There is said to be evidence that North Korea is becoming involved in bitcoin mining. While this would earn the country some bitcoins, mining is becoming ever more expensive as it uses a great deal of power. Perhaps the specialized mining equipment is obtained from China.
North Korea's Reconnaisance General Bureau, that handle cyber operations was estimated in a 2016 reports by the Cyber Policy Centre of the Australian Strategic Policiy Institute to have 6,000 officers. South Korea may see more attacks concentrated on it as it becomes one of the world's busiest trading hubs for cybercurrencies during 2017. FireEye's McNamara said: "As more money goes into cryptocurrency exchanges and more people buy bitcoin and ethereum, exchanges become larger targets for this group,>." So far, only South Korean exchanges have been targeted.

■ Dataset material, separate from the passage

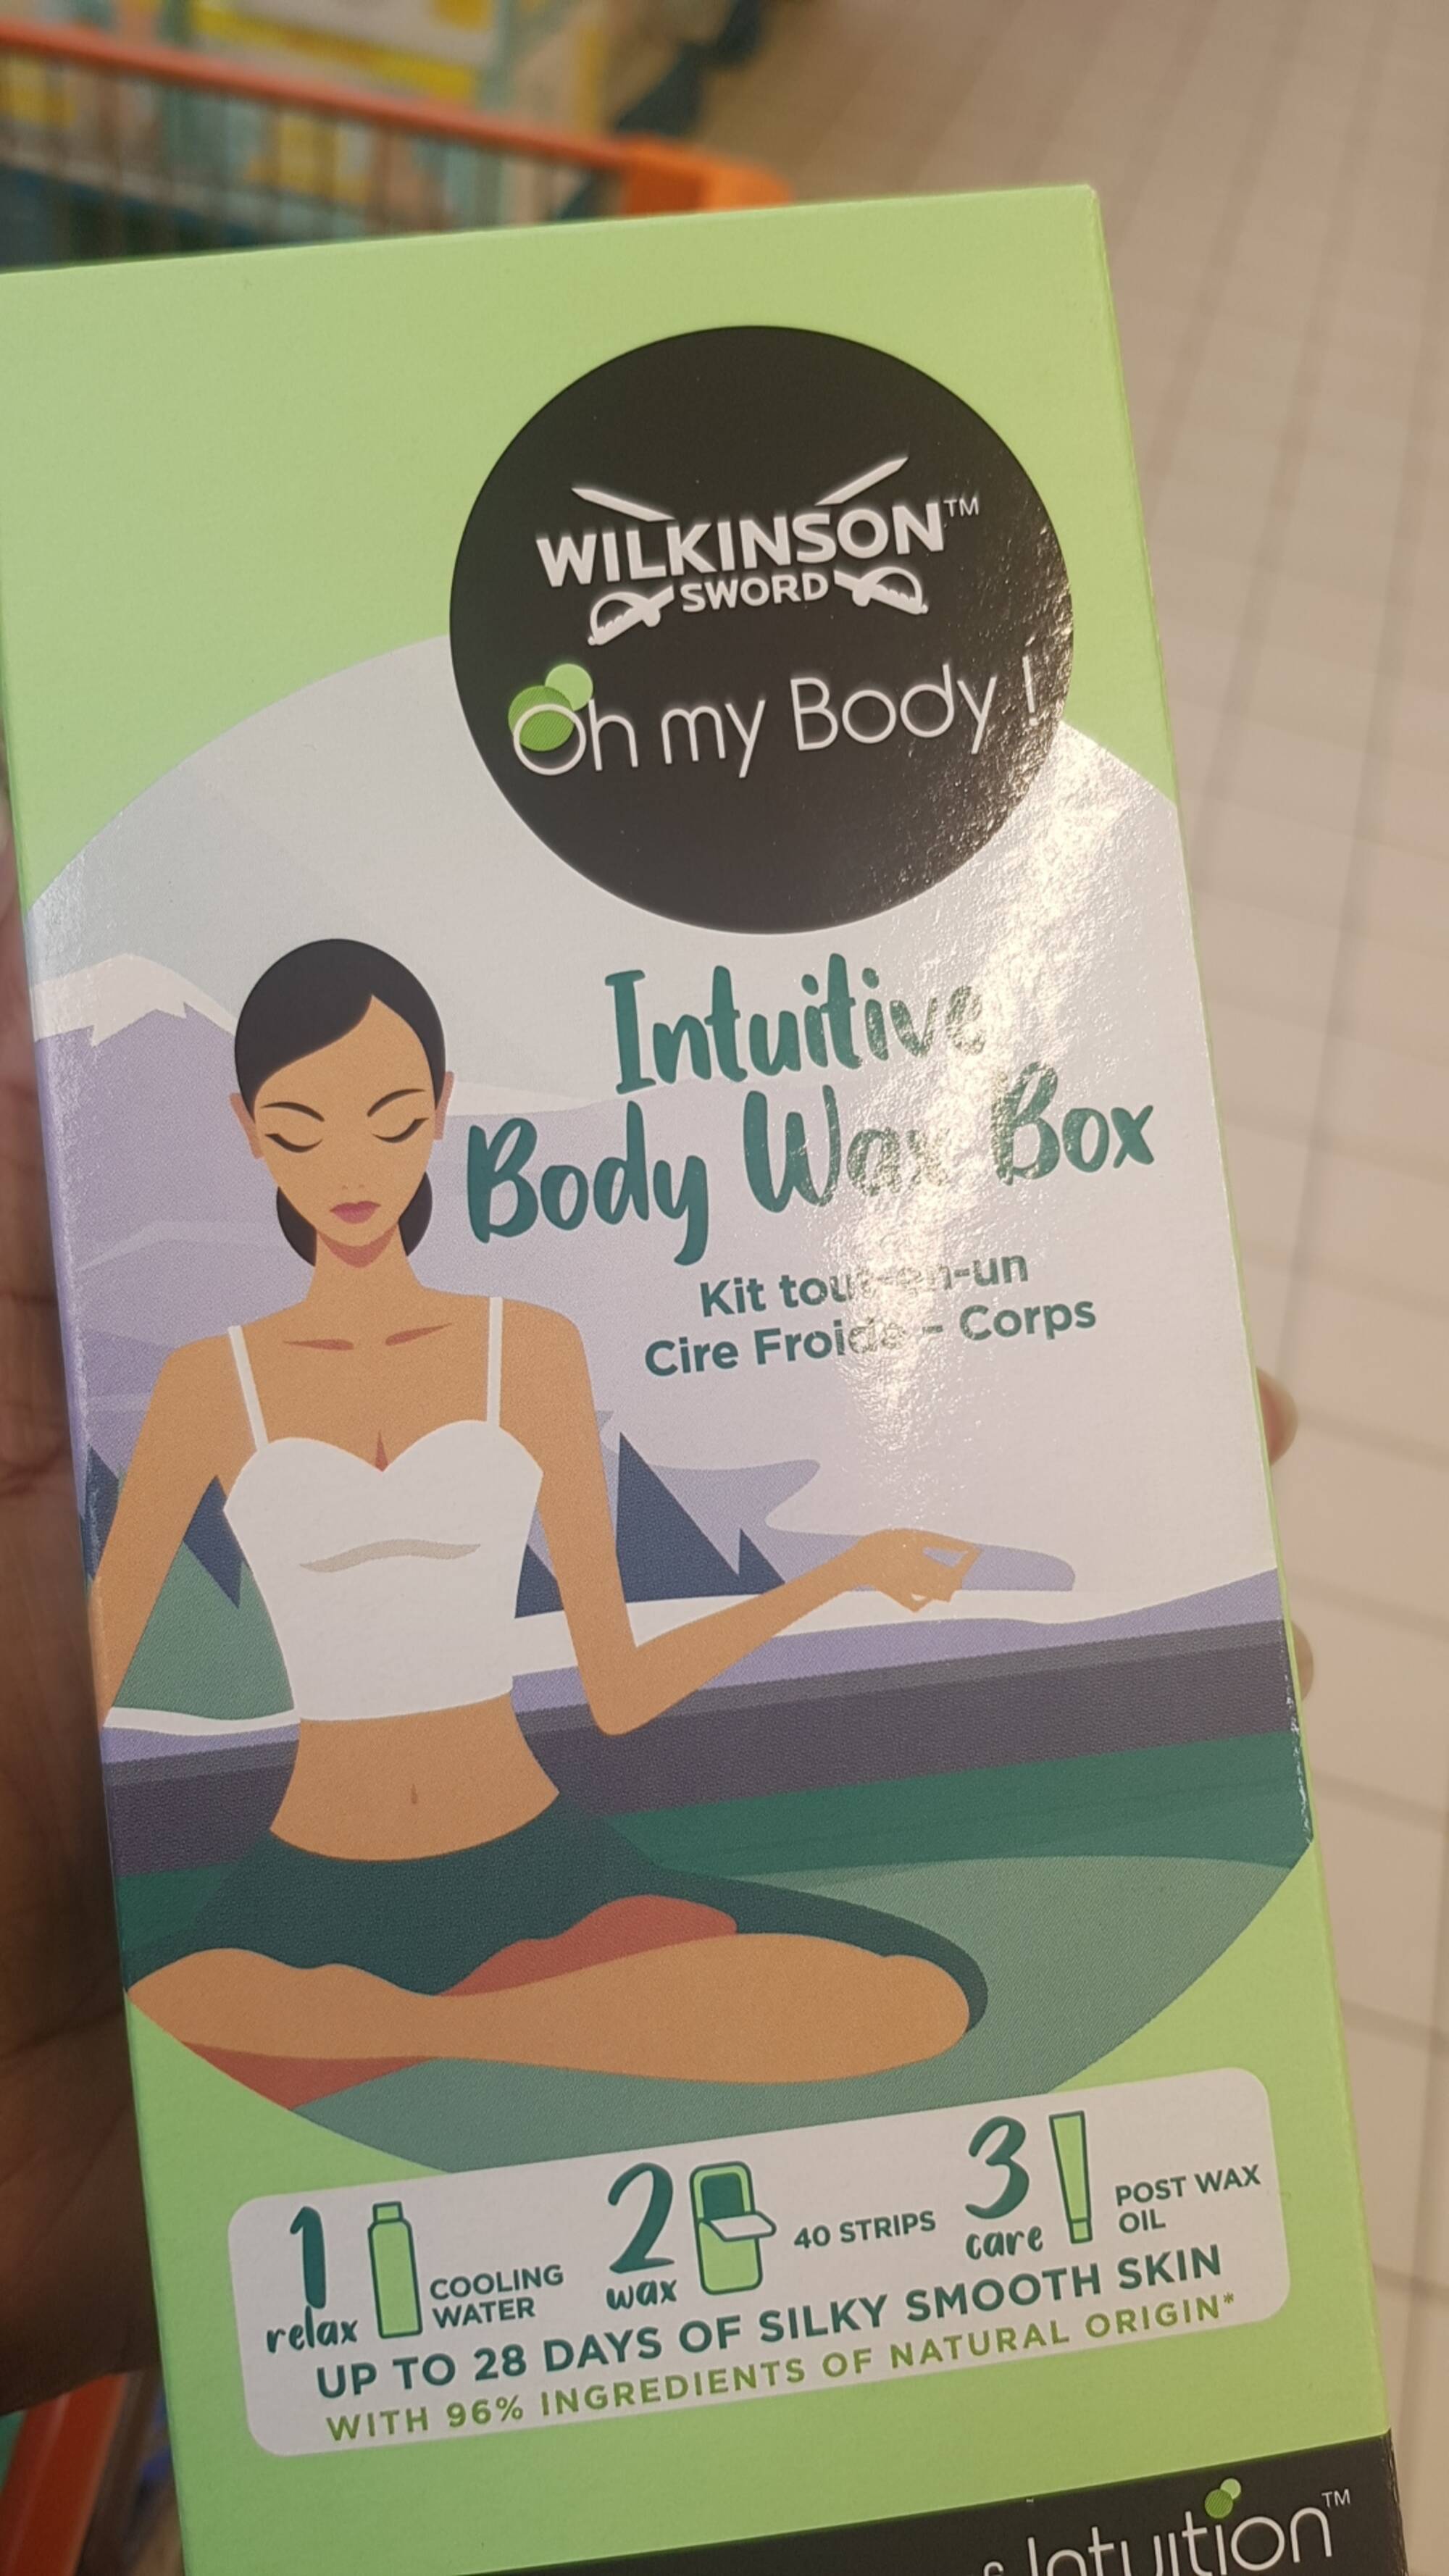 WILKINSON - Intuitive body wax-box - Cire froide-corps

North Korea is no doubt already adapting to continue functioning in spite of sanctions and being frozen out of the international banking system. It is highly ironic that an authoritarian highly centralized powerful government should come to rely on a decentralized financial system designed to frustrate the financial activities of governments that rely on centralized financial systems. Their centralized global system has enabled them to ban North Korea from global banking. However, the cryptocurrency system, designed with the help of many who are libertarians, has come to North Korea''s rescue.